2. Id card/ passport and the interview letter. That's all.
3. Enter from the emergency gate. (Gate 8). You'll enter the main hospital lobby. Go left, you'll see the library. Take a right till you reach the tuck shop and lockers. On the left will be the college lobby with 2 table tennis tables. Take a left and go upstairs to student affairs. 

Good luck!


----------



## robab

They didn't even check the NIC


----------



## robab

MMI was really fun .. chill guys ...


----------



## robab

1. Your friend is in relationship with a person with person of a different religion. Her parents didn't agree. She decided to elope and comes to you. What will you do?


----------



## robab

2. A classmate of yours are in habbit of marking their wrong proxy. You decides to talk to her before complaining to administration.


----------



## nidarasul

robab said:


> 2. A classmate of yours are in habbit of marking their wrong proxy. You decides to talk to her before complaining to administration.


hahahaha they are asking this now, are they? LOL 85% of our class got pink slips for marking too many proxies this year. They had to change our CR too. Guess they're preparing you guys before you even join!


----------



## shane warney

proxy lol


----------



## Sikandarinho

I know it's a bit early for more conjecture  but where do you all think the lowest aggregate for the confirmed list will land this year? Would be terrifying if it's around 77% again


----------



## ohmar

77% again? When was it 77% last time? Apparently, last year the lowest aggregate was 74% and so far, the merit has seemed to drop this year.


----------



## Sikandarinho

Yes I know but I think moxy posted on this thread that the lowest to get selected at 74% was in the 166th position?
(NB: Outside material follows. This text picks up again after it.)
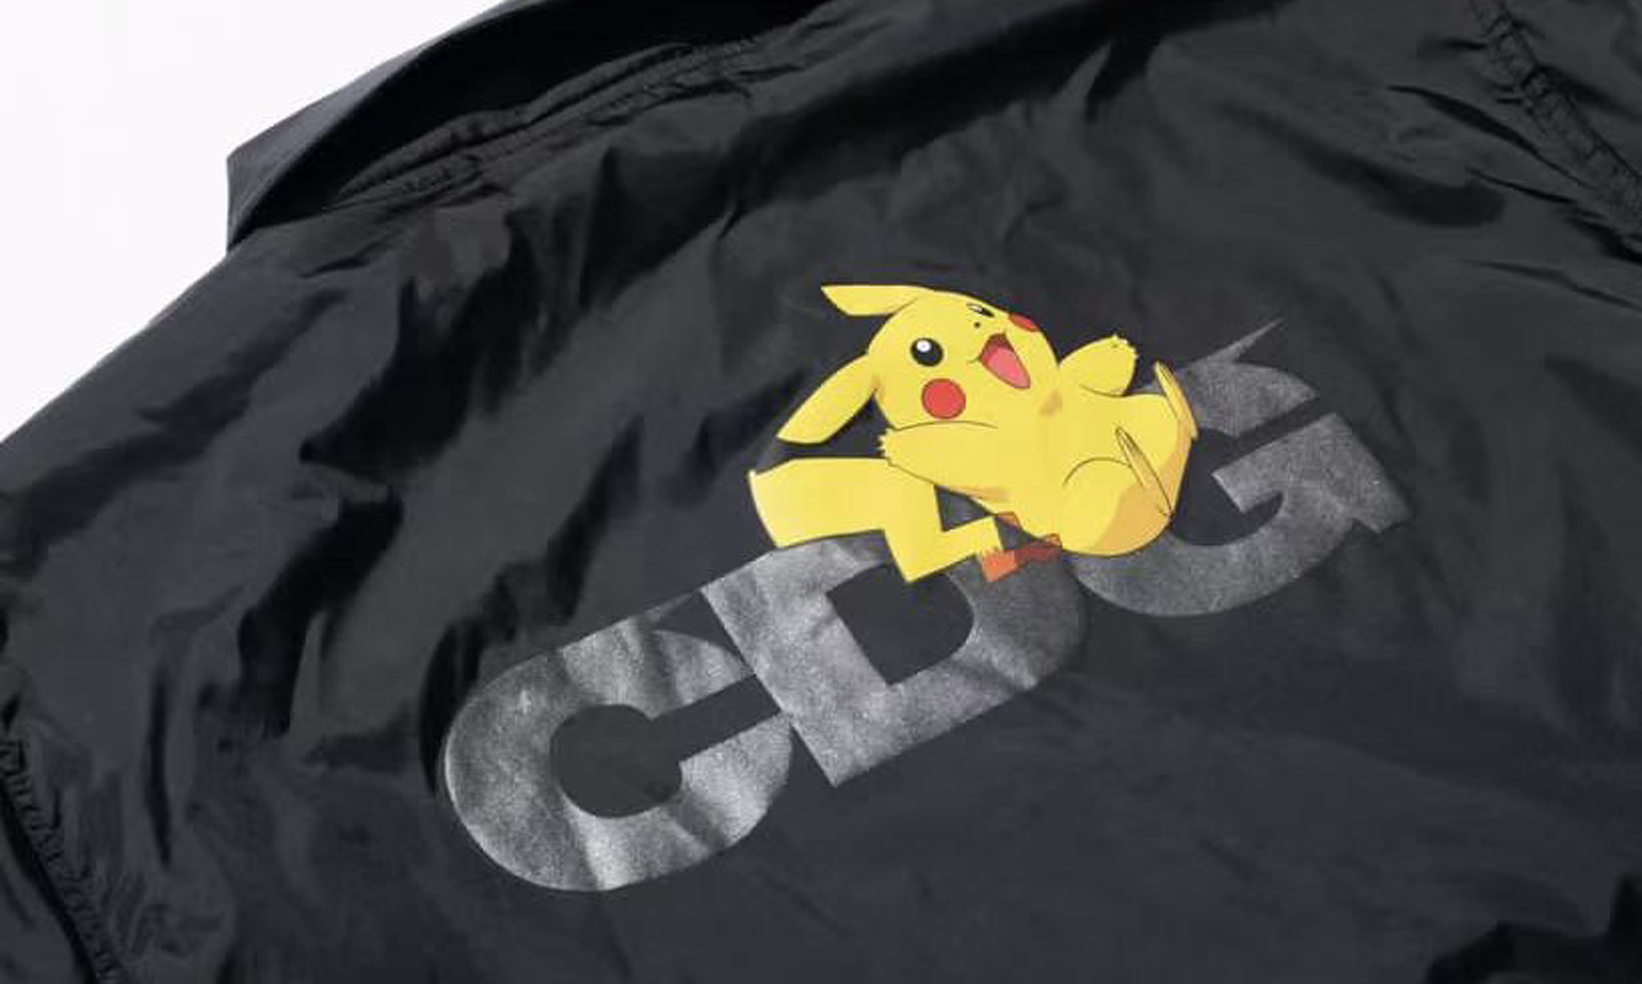 Pokémon x CDG 联名系列即将发布
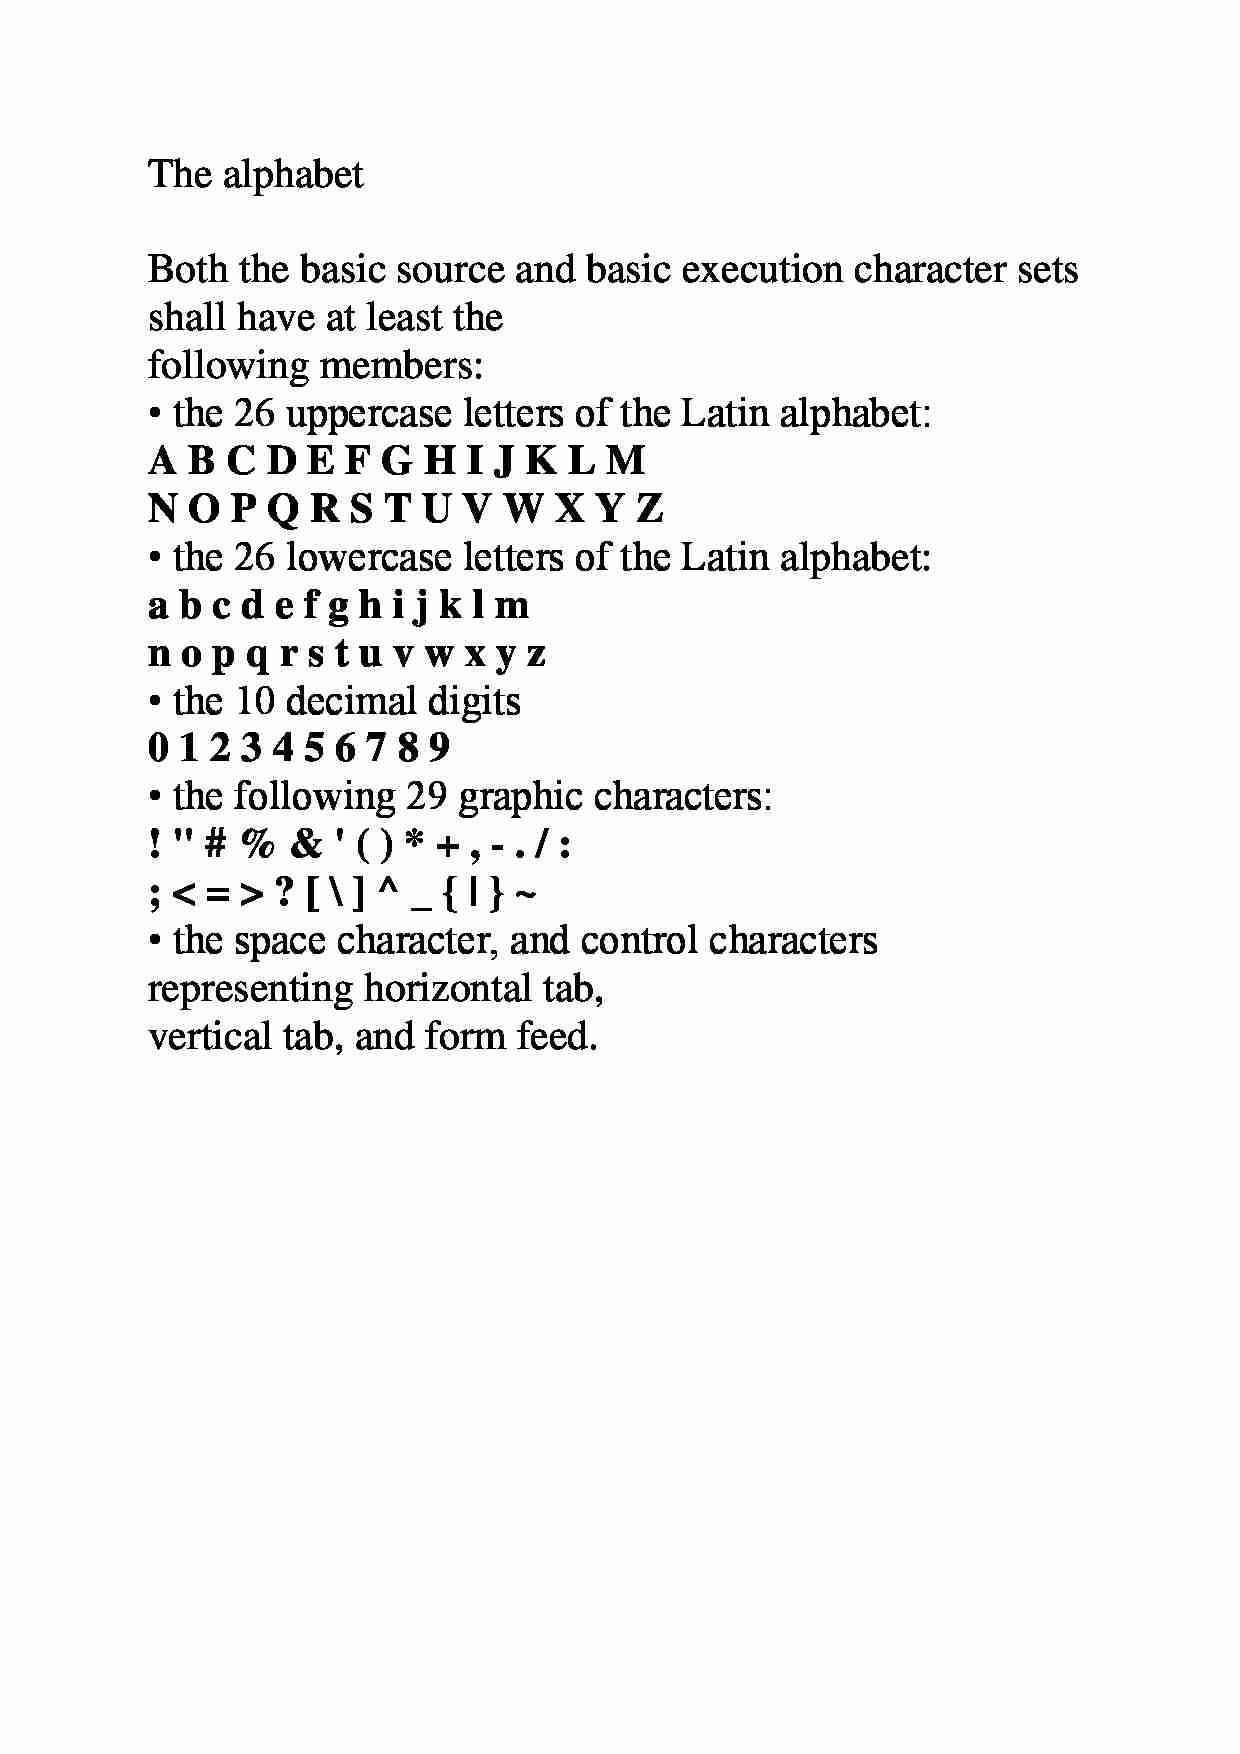 The alphabet  - overview - strona 1

I heard they don't announce a formal waiting list which is why I'm wondering


----------



## ohmar

I'm pretty sure some have other university choices so perhaps quite a few number of students were dropped.

- - - Updated - - -

Does anyone know when the merit lists are coming out?


----------



## Rasim

Guys, Shifa does follow PMDC's fee refund policy, right? I mean if I deposit the fee but get admitted somewhere else and wish to withdraw, I will get a 100% refund minus the admission fee. Right?


----------



## moxy

Rasim. Yes it does here is the policy. As you can see it depends on the amount of time you spend at the college before withdrawing. 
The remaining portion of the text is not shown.